Component	Technique	Purpose
Search	Life-Aware A*	Optimal pathfinding with survival optimization
Perception	Bayesian Sensor Fusion	Probabilistic state estimation from noisy sensors
Information	Entropy-Based Scanning	Intelligent information gathering
Planning	Monte Carlo Tree Search	Simulation-based action evaluation
Learning	Tabular Q-Learning	Policy improvement through experience
Memory	Cross-Episode Priors	Transfer learning across environments

Architecture

┌─────────────────────────────────────────────────────────────────┐
│                    ORACLE UNIFIED ARCHITECTURE                  │
├─────────────────────────────────────────────────────────────────┤
│                                                                 │
│   ┌─────────────┐    ┌─────────────┐     ┌─────────────┐        │
│   │  Sensors    │───▶│   Belief    │───▶ │  Decision   │        │
│   │ (Thermal +  │    │   Engine    │     │   Engine    │        │
│   │  Seismic)   │    │  (Bayes)    │     │             │        │
│   └─────────────┘    └─────────────┘     └──────┬──────┘        │
│                                                 │               │
│                    ┌────────────────────────────┼──────────┐    │
│                    ▼                            ▼          ▼    │
│            ┌──────────────┐           ┌──────────────┐  ┌──────┐│
│            │  A* Planner  │           │ MCTS Planner │  │  Q   ││
│            │ (Determin.)  │           │ (Simulation) │  │Table ││
│            └──────────────┘           └──────────────┘  └──────┘│
│                    │                            │          │    │
│                    └────────────┬───────────────┘          │    │
│                                 ▼                          │    │
│                         ┌──────────────┐                   │    │
│                         │  Action      │◀──────────────────┘    │
│                         │  Selection   │  (Epsilon-Greedy)      │
│                         └──────────────┘                        │
│                                 │                               │
│                                 ▼                               │
│                         ┌──────────────┐                        │
│                         │   GridWorld  │                        │
│                         │   (Physics)  │                        │
│                         └──────────────┘                        │
│                                                                 │
└─────────────────────────────────────────────────────────────────┘

Platform Strategy

Oracle is architected for a hybrid public experience:

Primary Showcase: Vercel + Next.js + Three.js for a cinematic, interactive simulation.
Research Playground: Hugging Face Spaces for benchmark reproducibility, configurable experiments, and academic showcase.
Recruiter Magnet: Present Oracle as an Autonomous Survival Intelligence System with a polished command-center interface.

The ideal frontend pairs the existing engine with live features such as:

animated grid navigation and fog-of-war
Bayesian belief and uncertainty heatmaps
MCTS rollout and search tree animation
RL reward evolution and policy heatmaps
benchmark command dashboards and challenge modes

See docs/platform_strategy.md for the full hybrid deployment and showcase plan.

Experience Roadmap

This repository should be presented as a cinematic AI experience, not a static algorithm demo.
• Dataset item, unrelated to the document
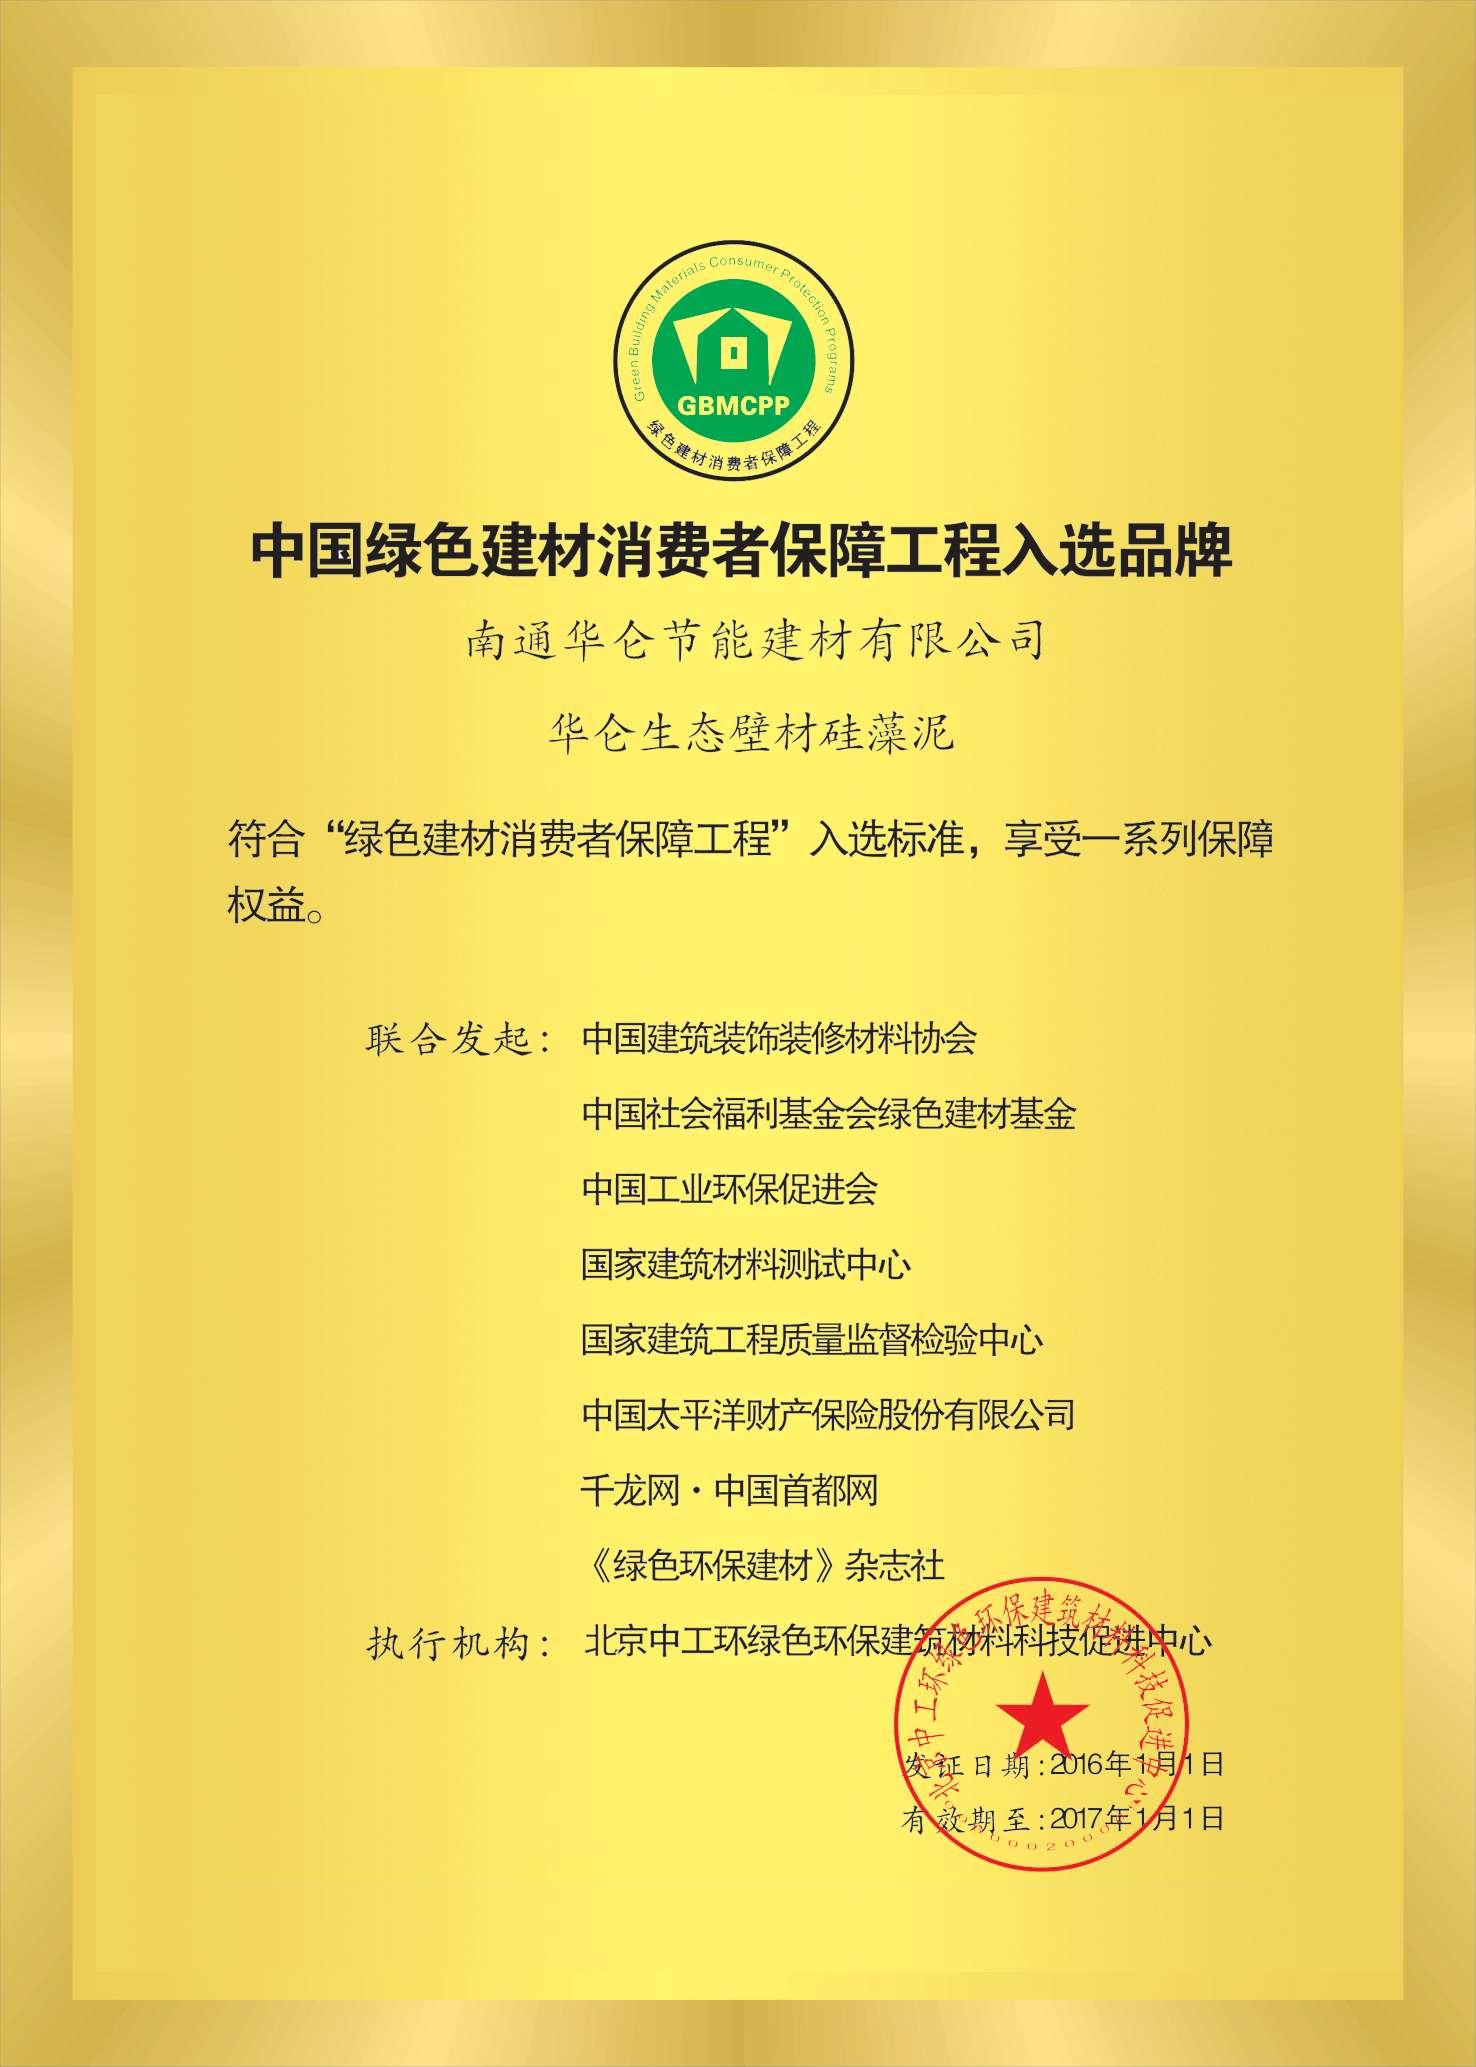 中国绿色建筑消费者保障工程入选品牌

Key experience pillars include:

Live Grid World: animated movement, hazard effects, zoom/pan controls, replay mode.
AI Brain Visualization: belief updates, entropy maps, sensor confidence, decision heatmaps.
MCTS Theater: branch expansion, UCB selection, rollout futures, explore/exploit visuals.
RL Training Cinema: reward curves, Q-table heatmaps, emergent policy stories.
Benchmark Command Center: success rates, reward histograms, efficiency metrics, animated comparisons.
Cinematic Interface: glassmorphism, neon gradients, pulse scan effects, tactical overlays.

Agent Types

1. Deterministic Agent (Perfect Information)

State Space: S = (row, col, lives)
Action Space: A = {walk_n, walk_s, walk_e, walk_w, jump_n, jump_s, jump_e, jump_w}
Objective: Minimize survival score

Survival Score = (Turns + Time Units) / Lives Remaining

The A* planner uses an admissible heuristic combining Manhattan distance, life penalties, and jump-optimized time estimates.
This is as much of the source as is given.